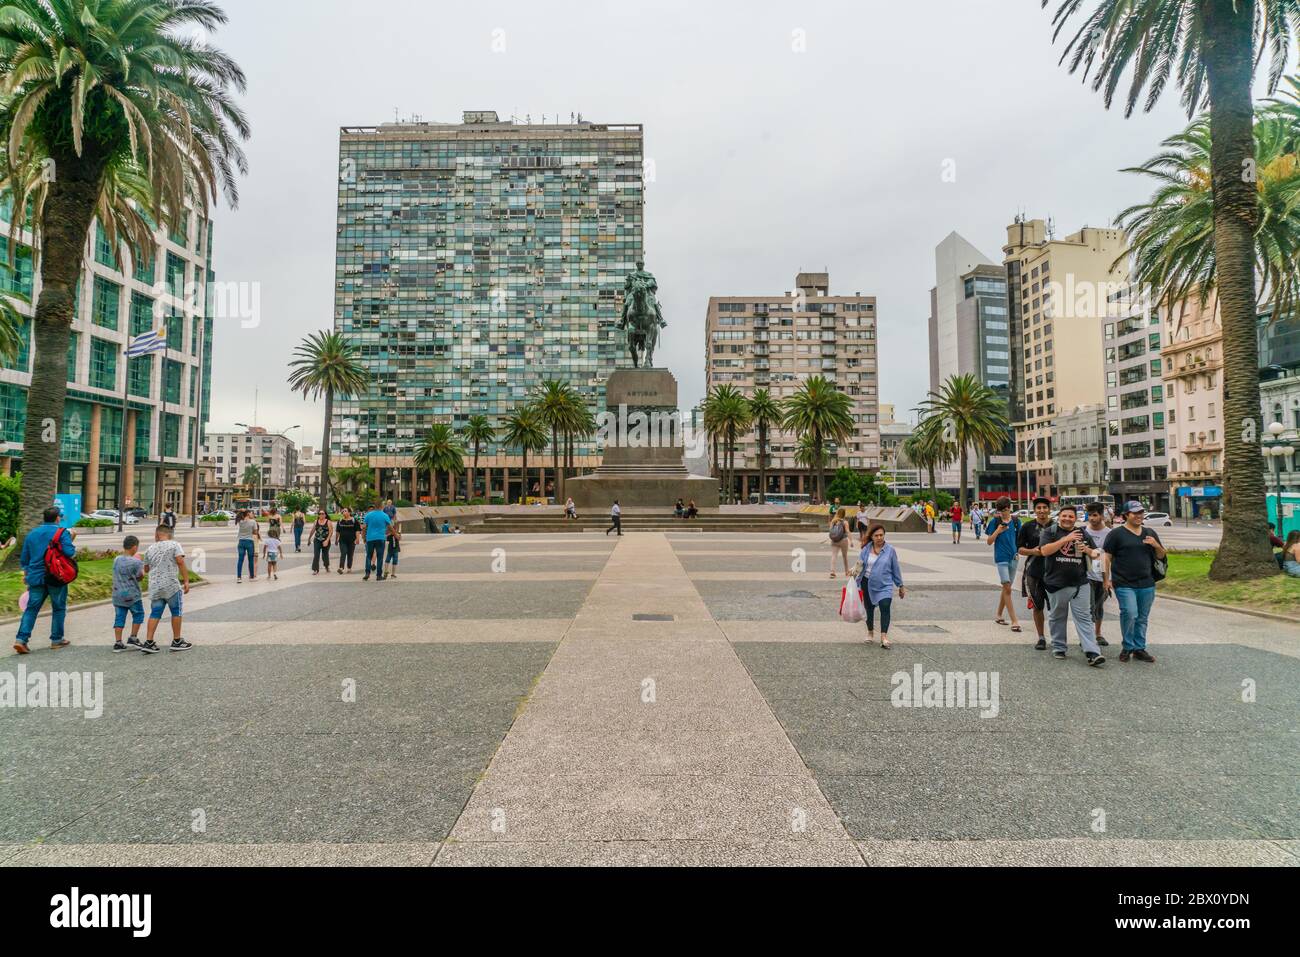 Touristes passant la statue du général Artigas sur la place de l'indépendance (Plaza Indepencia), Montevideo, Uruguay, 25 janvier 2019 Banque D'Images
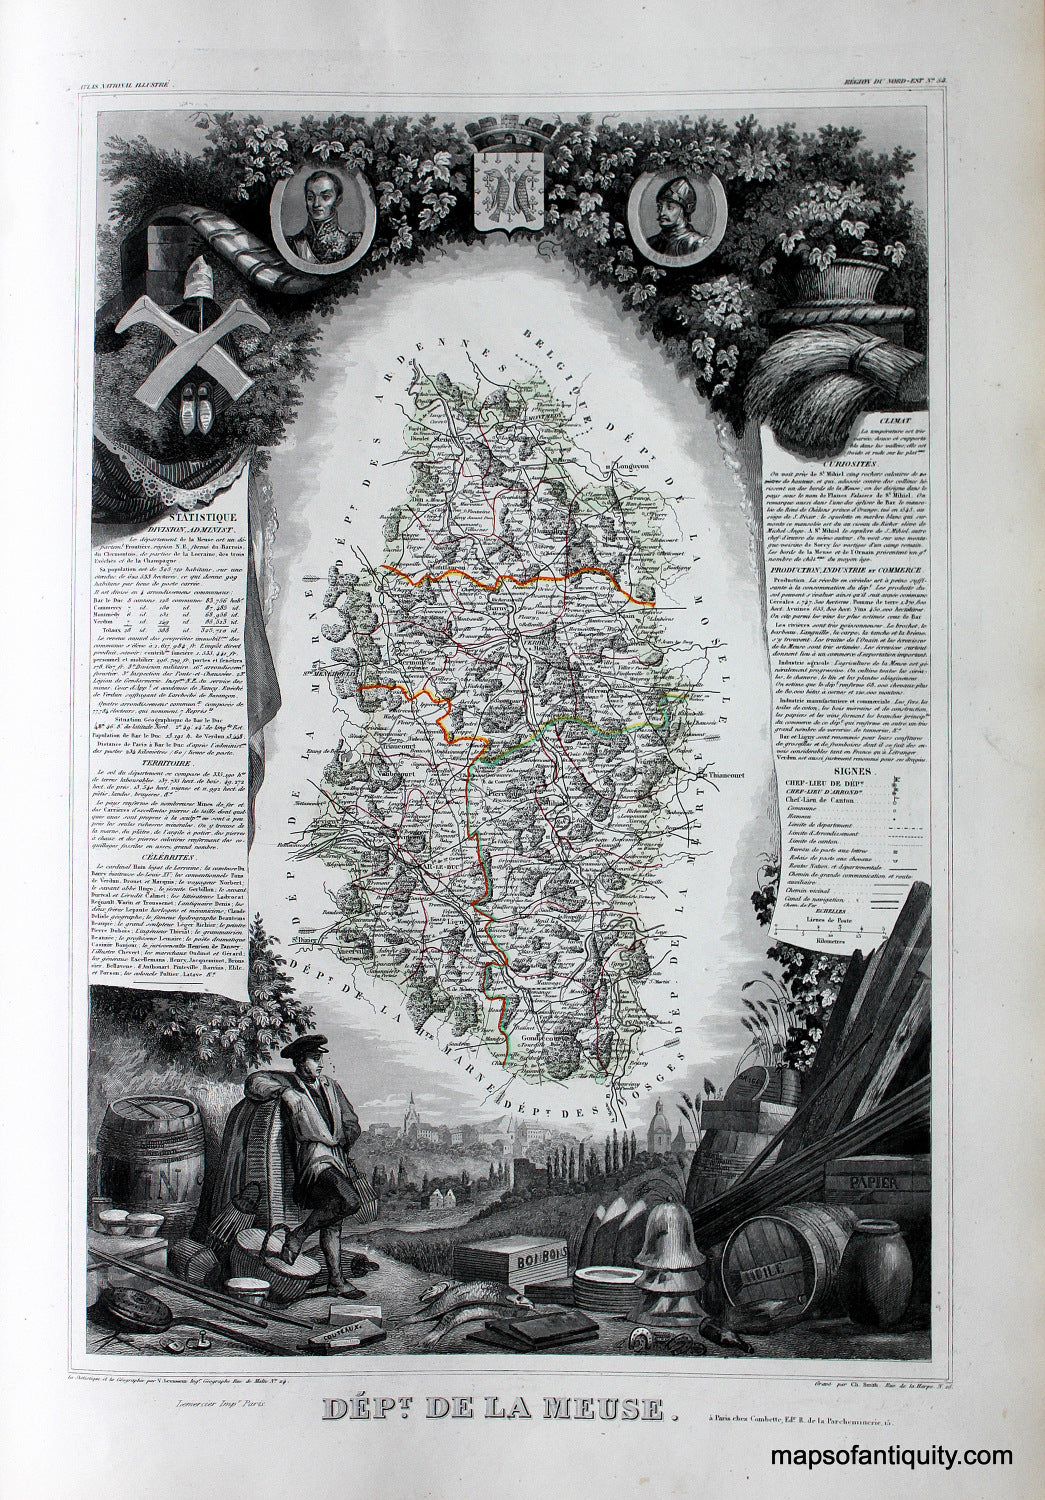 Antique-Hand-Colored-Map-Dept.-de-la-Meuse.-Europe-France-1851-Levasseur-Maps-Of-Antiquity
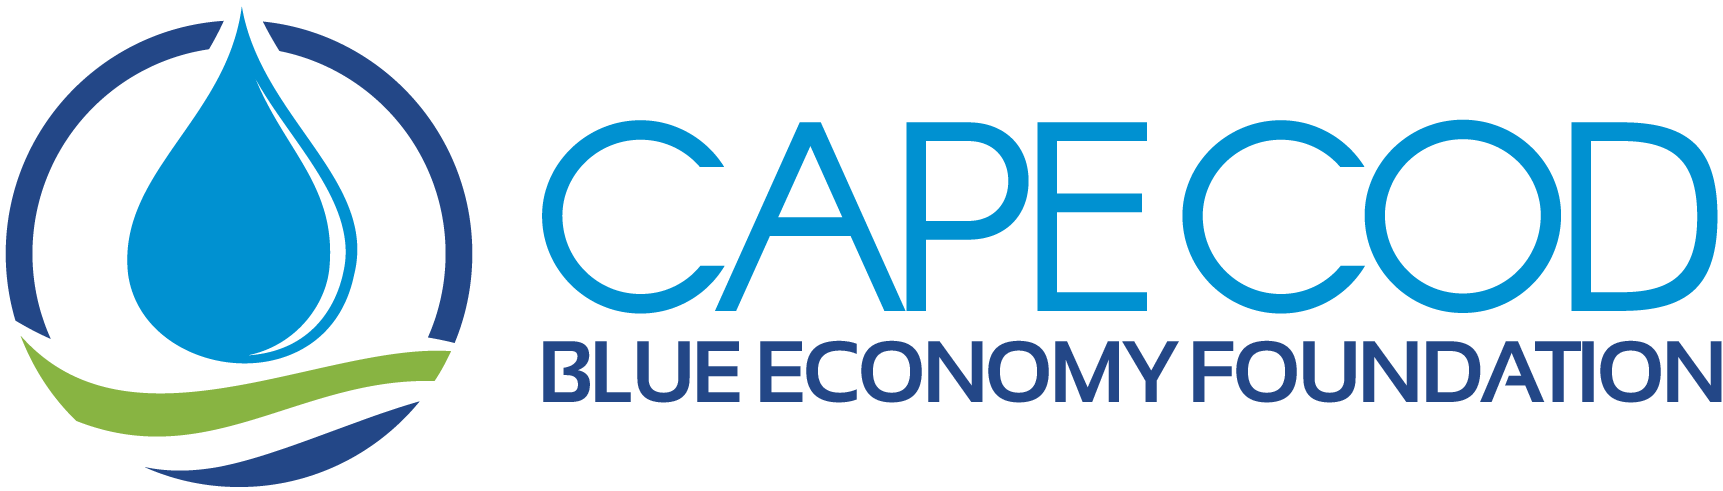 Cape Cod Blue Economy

....

Return the material from above in full, exactly as written, with the pictures omitted.

Answer to this exercise =
 Touristes passant la statue du général Artigas sur la place de l'indépendance (Plaza Indepencia), Montevideo, Uruguay, 25 janvier 2019 Banque D'Images
 Antique-Hand-Colored-Map-Dept.-de-la-Meuse.-Europe-France-1851-Levasseur-Maps-Of-Antiquity
 Cape Cod Blue Economy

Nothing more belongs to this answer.